# SAI brush question?



## SeventhStrain (Feb 4, 2011)

Can I put photoshop brushes in sai?


----------



## Volkodav (Feb 4, 2011)

Oooh I'm not sure about that, I've never tried it. Sorry  
I don't think so... unless they have the same textures.. maybe if you dragged the textures over?


----------



## Arshes Nei (Feb 4, 2011)

No you can't They're different brush technologies.

Photoshop uses an abr file if I remember correctly.

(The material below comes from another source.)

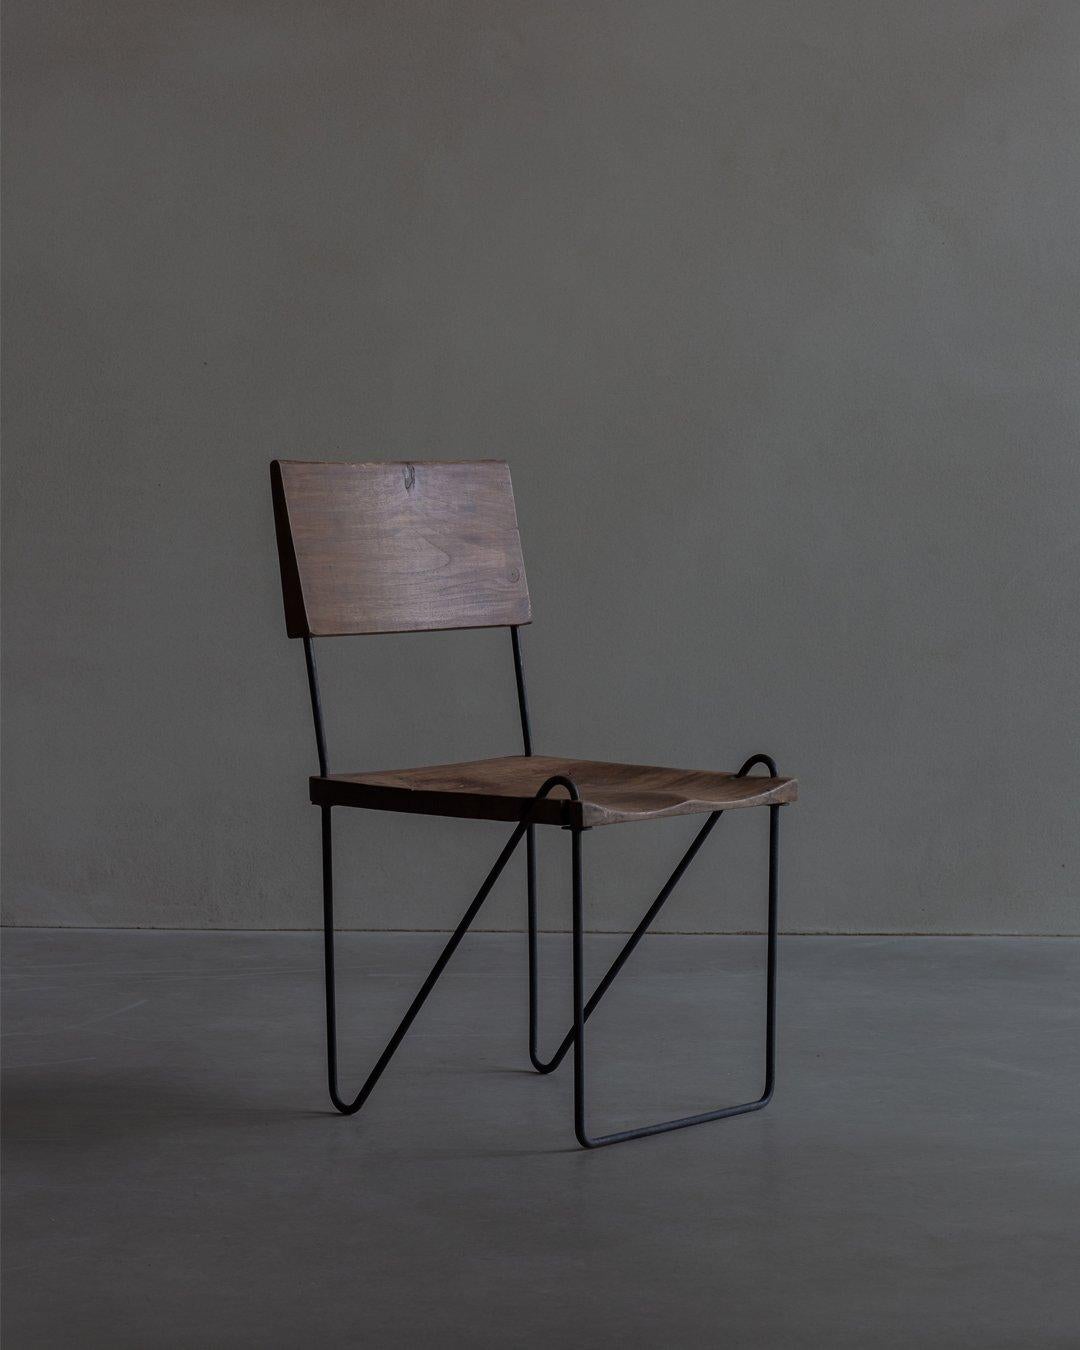 Teak and iron chair, designed by Pierre Jeanneret and dating back to circa 1953-1954, features a solid sculpted teak seat and backrest. The backrest is slightly tilted and carved with intricate patterns. The seat is also carved from teak and

Sai Paint does not use this.
I do know that Gimp is able to read ABR files. 

This is more of an art question than computer even if it is software.


----------



## Ratte (Feb 4, 2011)

PS uses .abr and SAI uses .ini

Not compatible.  That said, you can still download many different brushes that are custom-made.


----------



## SeventhStrain (Feb 5, 2011)

Where???


----------



## SeventhStrain (Feb 5, 2011)

WHERE CAN I DOWNLOAD A LOTTA SAI BRUSHES?!!!?!?!


----------



## Zydala (Feb 5, 2011)

what kind are you looking for, specifically?

http://fav.me/d2ccj76
http://fav.me/d2p5io1
http://beroleagle.deviantart.com/ar...hes-96742060?q=boost:popular sai brushes&qo=0

those are the better ones I could find on DA. You make most brushes by messing around with brush options yourself; the ones I'm posting are just other people's settings.


----------



## Arshes Nei (Feb 5, 2011)

SeventhStrain said:


> WHERE CAN I DOWNLOAD A LOTTA SAI BRUSHES?!!!?!?!


 
http://cghub.com/scripts/view/128/

http://www.furaffinity.net/view/2118121/

http://www.furaffinity.net/view/2111687/


----------



## OxfordTweed (Feb 14, 2011)

Zydala said:


> what kind are you looking for, specifically?
> 
> http://fav.me/d2ccj76
> http://fav.me/d2p5io1
> ...


 
Oh, I LOVE that Mechanical Pencil brush. I've created a smudgy eraser to go with it, and now SAI is the best thing ever for sketching,


----------